Bury murmuró en arábigo. Comprendió demasiado tarde que Hardy era lingüista.

—Oh, seguro que no —dijo Hardy con una sonrisa—. Conozco a mis antepasados mucho mejor que
eso.


Ya lo veo, almirante —dijo Bury—. Veo que no he sido suficientemente persuasivo. Lo siento, porque por una vez no me impulsaba nada más que el bienestar del Imperio. Si buscase sólo los beneficios... comprendo perfectamente el comercio potencial y la riqueza que podrían reportarnos nuestras relaciones con los pajeños. Pero les considero el mayor peligro con que se haya enfrentado la raza humana.


Da —
dijo decididamente Kutuzov—. En esto quizá estemos de acuerdo si añadimos una palabra: peligro potencial, Excelencia. Lo que aquí consideramos es riesgo menor, y a menos que haya un riesgo para la
Lenin
estoy convencido de que es menor riesgo transportar a esos embajadores en las condiciones convenidas por el capellán Hardy. Doctor Horvath, ¿está usted de acuerdo?

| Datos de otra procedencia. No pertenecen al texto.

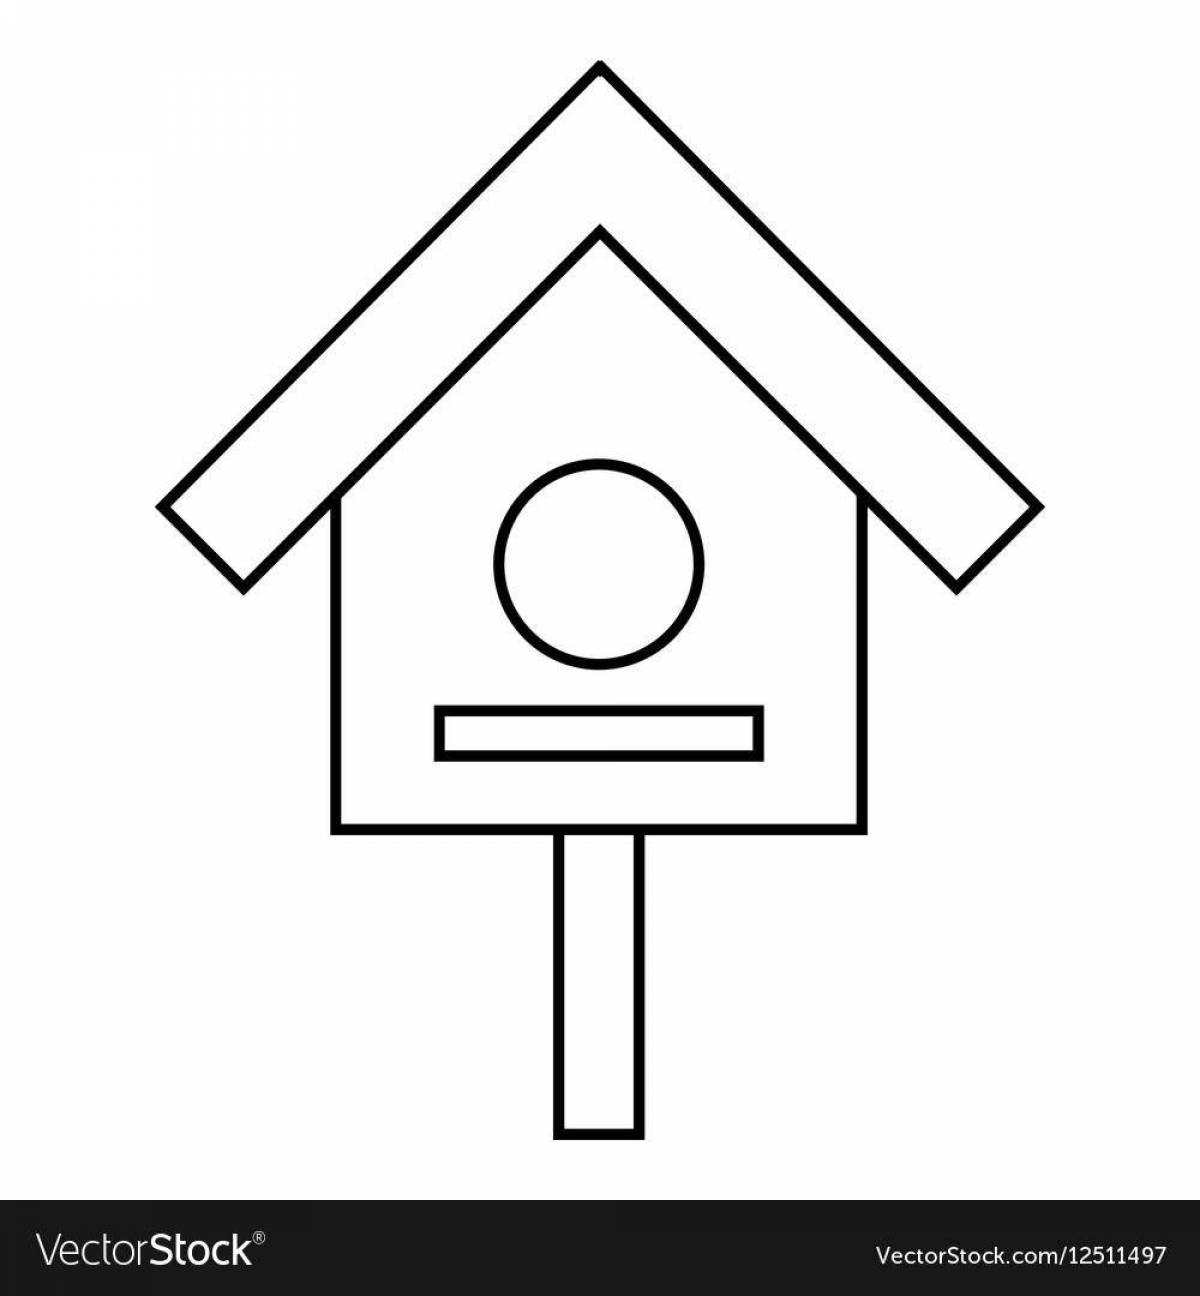 Adorable birdhouse coloring page for 3-4 year olds

Si no hay otro medio de tratar con ellos, sí. Pero me parece vergonzoso hacerlo así...

—Bah. Capitán Blaine, ¿está usted de acuerdo?

Blaine se rascó la punta de la nariz.

—Sí, señor. Llevarlos es el menor riesgo... si los pajeños son una amenaza, podremos probarlo, y podemos aprender algo de los embajadores.

—¿Señora?

—Estoy de acuerdo con el doctor Horvath...

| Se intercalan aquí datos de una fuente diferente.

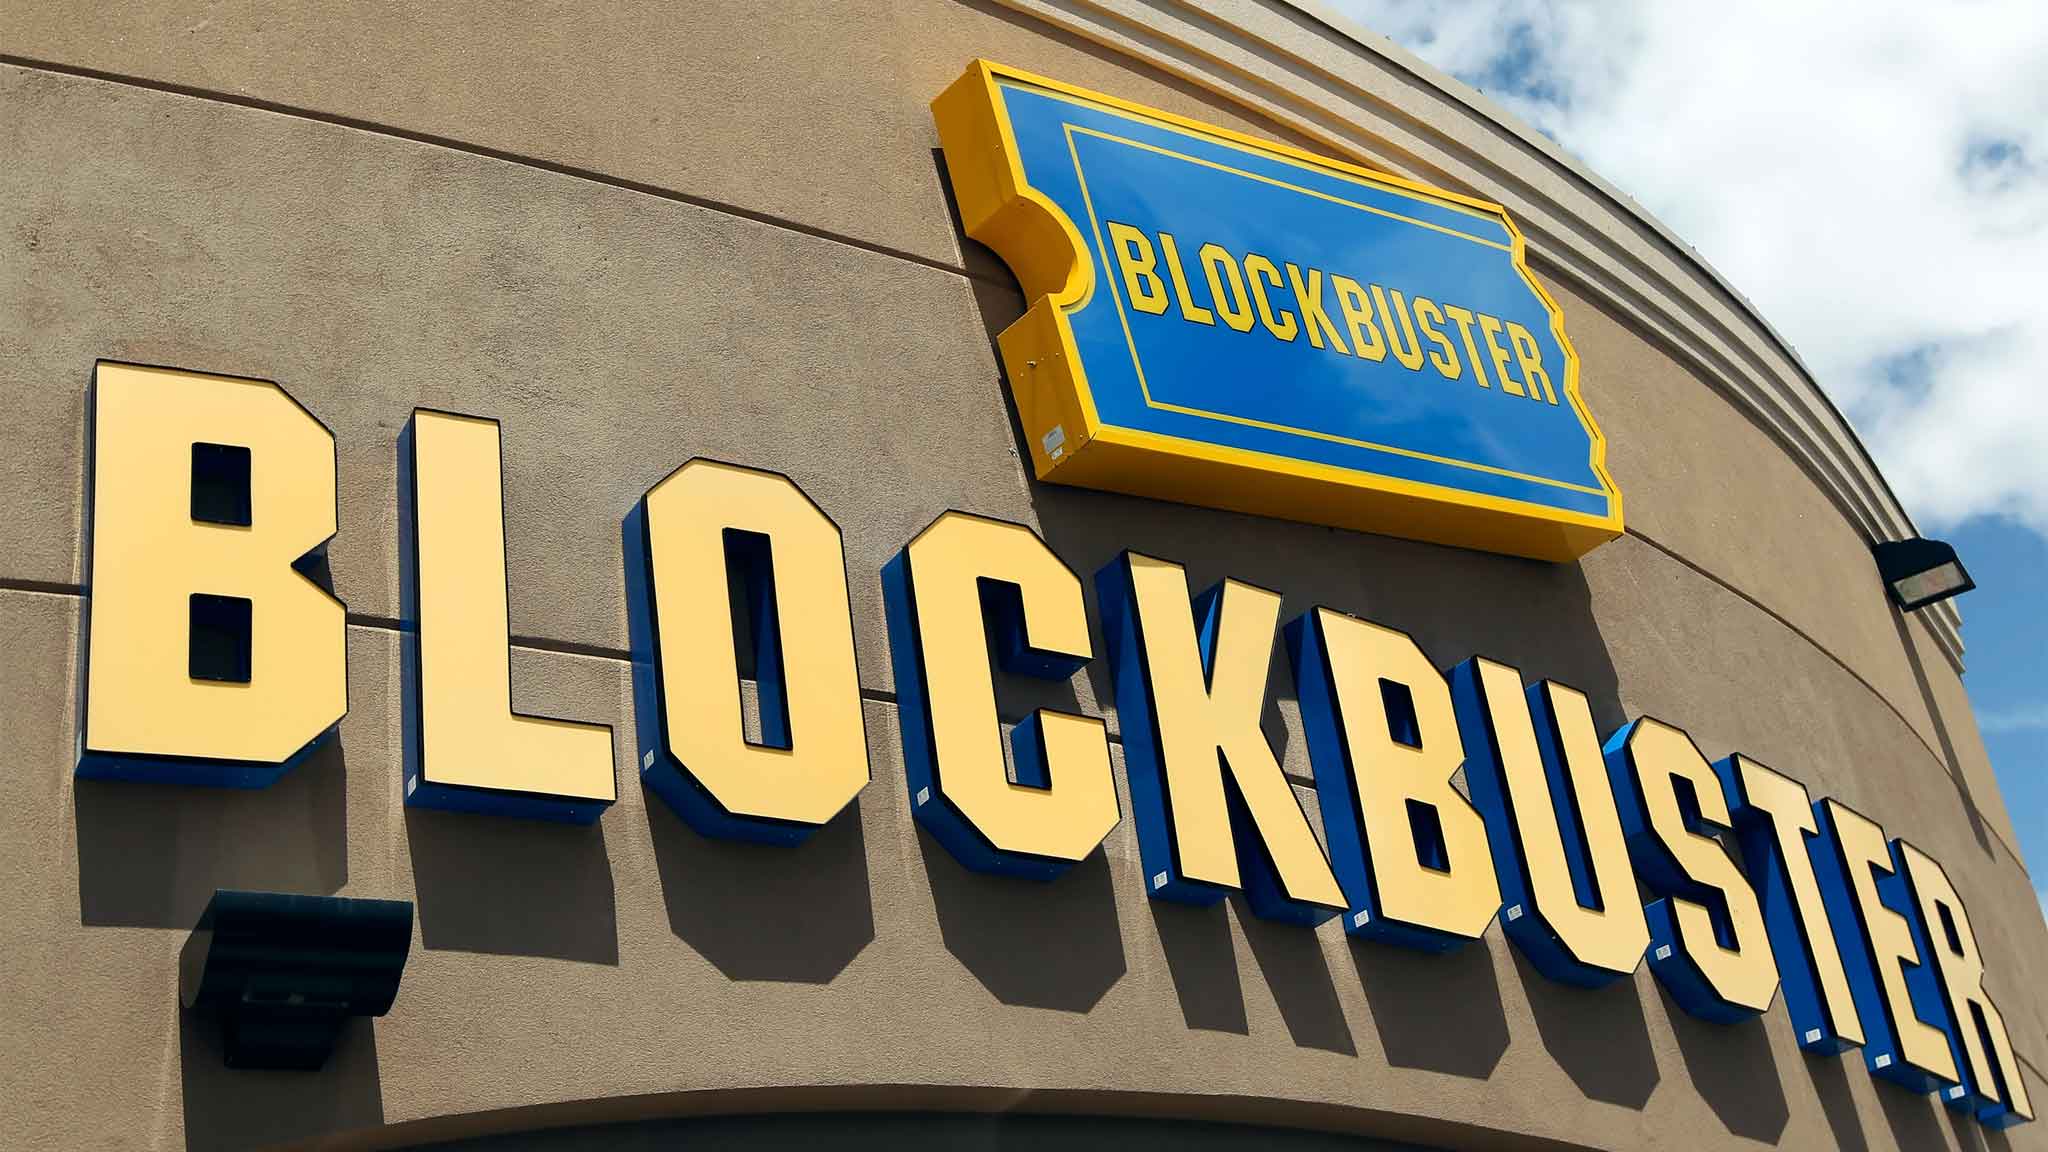 Blockbuster Company Logo - Blockbuster to close 129 outlets | Financial Times

—Gracias —Kutuzov parecía estar chupando limones; tenía la cara crispada como si pasase por un calvario—. Capitán Mijailov. Disponga las cosas para que se confine a los pajeños en lugar seguro. El pretexto es el peligro de infección, pero se ocupará usted de que no puedan escapar. Capitán Blaine, informará a los pajeños que subiremos a bordo a sus embajadores, pero puede que no quieran venir cuando sepan las condiciones. Sin herramientas, sin armas, el equipaje debe ser inspeccionado y sellado, y no podrán disponer de él durante el trayecto. Ninguna miniatura ni otras castas inferiores, sólo diplomáticos. Den las razones que quieran, pero estas condiciones no están sujetas a cambio. —Se levantó bruscamente.

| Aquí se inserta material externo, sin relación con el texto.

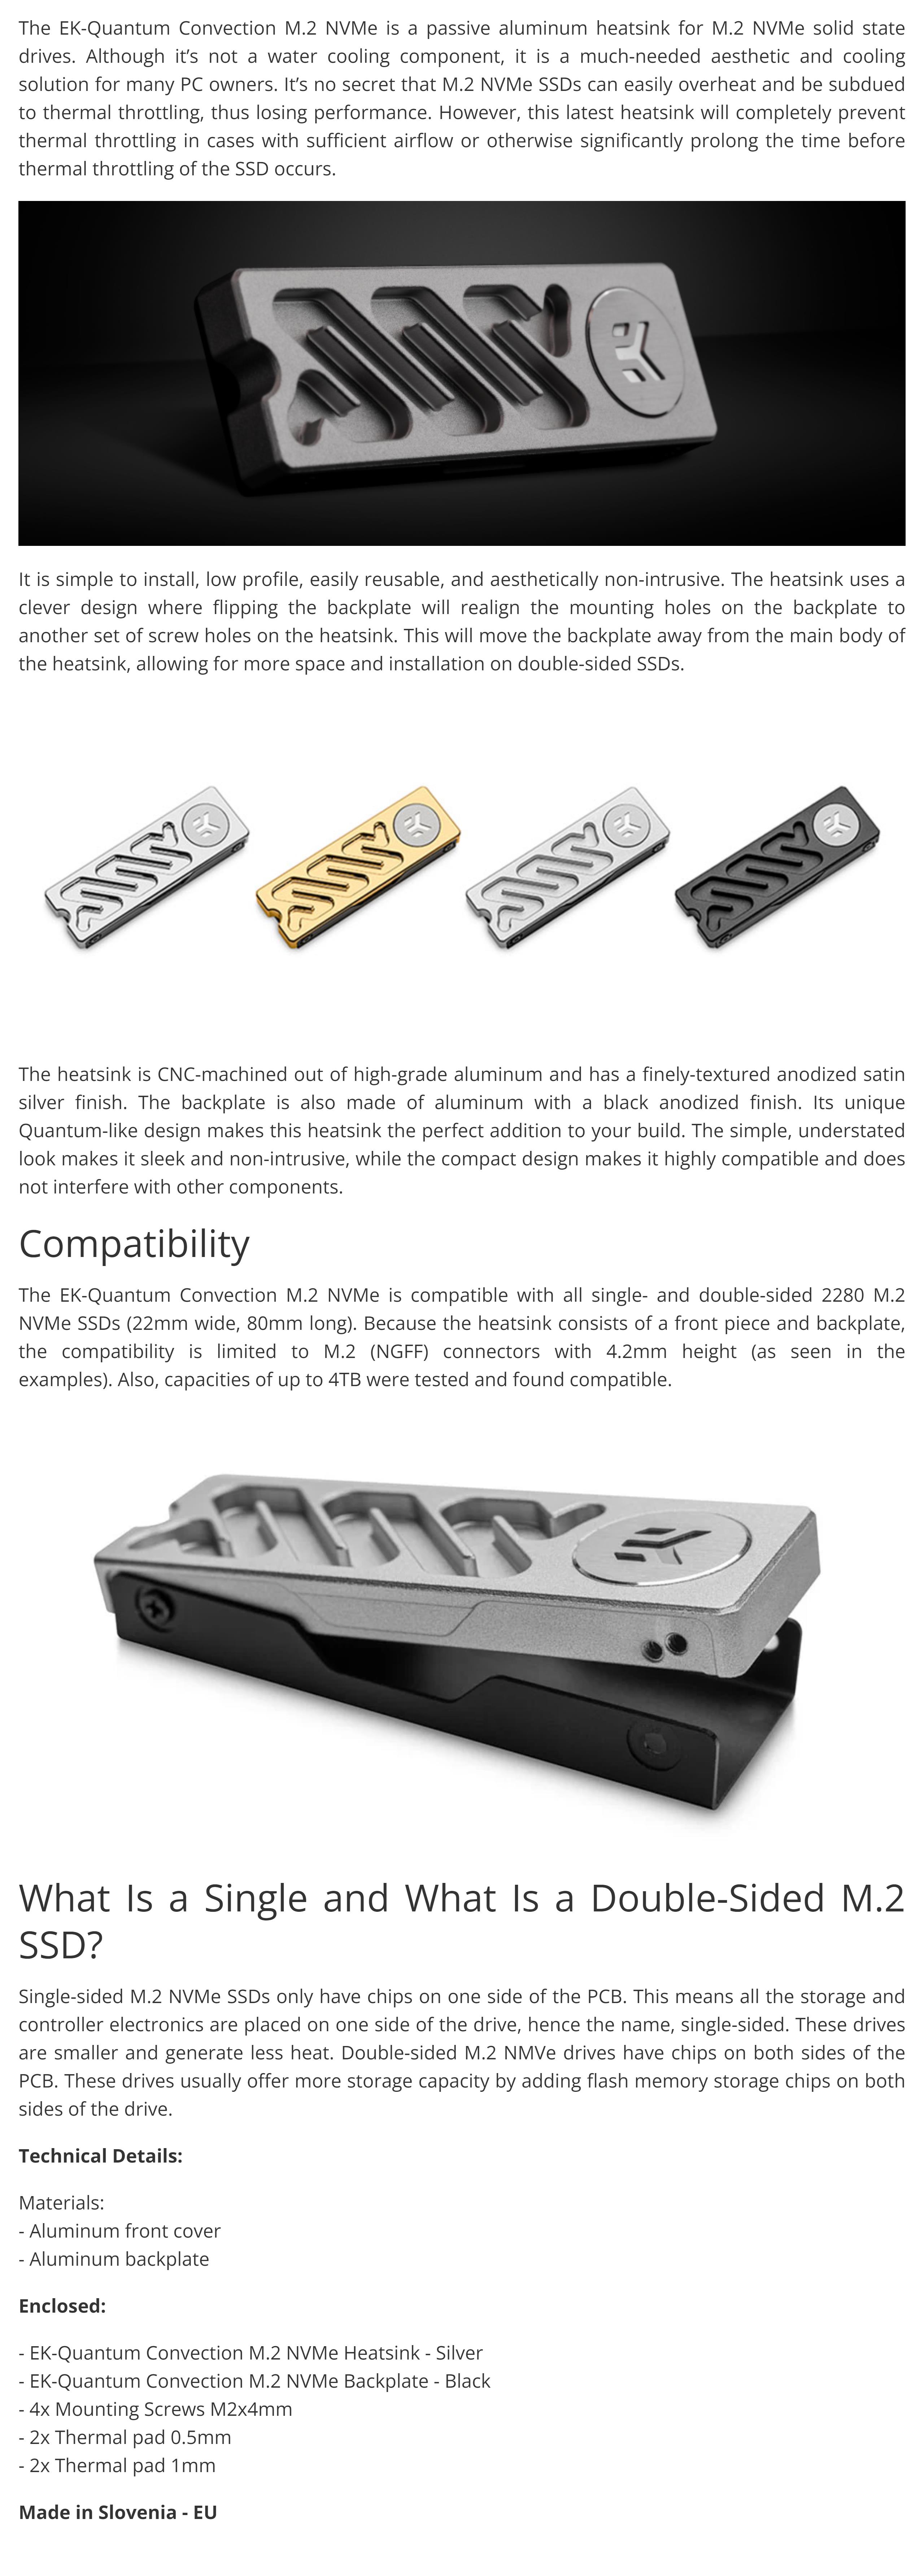 A large marketing image providing additional information about the product EK Quantum Convection M.2 NVMe Heatsink - Black - Additional alt info not provided

—Almirante, ¿y la nave obsequio? —preguntó Horvath—. No podemos tomar...

Su voz se apagó, porque no había nadie con quien hablar... El almirante había salido de la sala de oficiales.

45 • El Salto de Eddie el Loco

Kutuzov le llamaba el punto Alderson. Los refugiados de la
MacArthur
solían llamarle el punto de Eddie el Loco, y algunos tripulantes de la
Lenin
estaban adquiriendo el mismo hábito. Estaba sobre el plano del sistema pajeño, y era bastante difícil de encontrar. Esta vez no habría problema.

—Limítese a proyectar la ruta de la nave pajeña hasta la intercesión de la línea recta entre la Paja y el Ojo de Murcheson —dijo Renner al capitán Mijailov—. Se acercará usted bastante, señor.

—¿Tan eficiente es la astronavegación pajeña? —preguntó incrédulo Mijailov.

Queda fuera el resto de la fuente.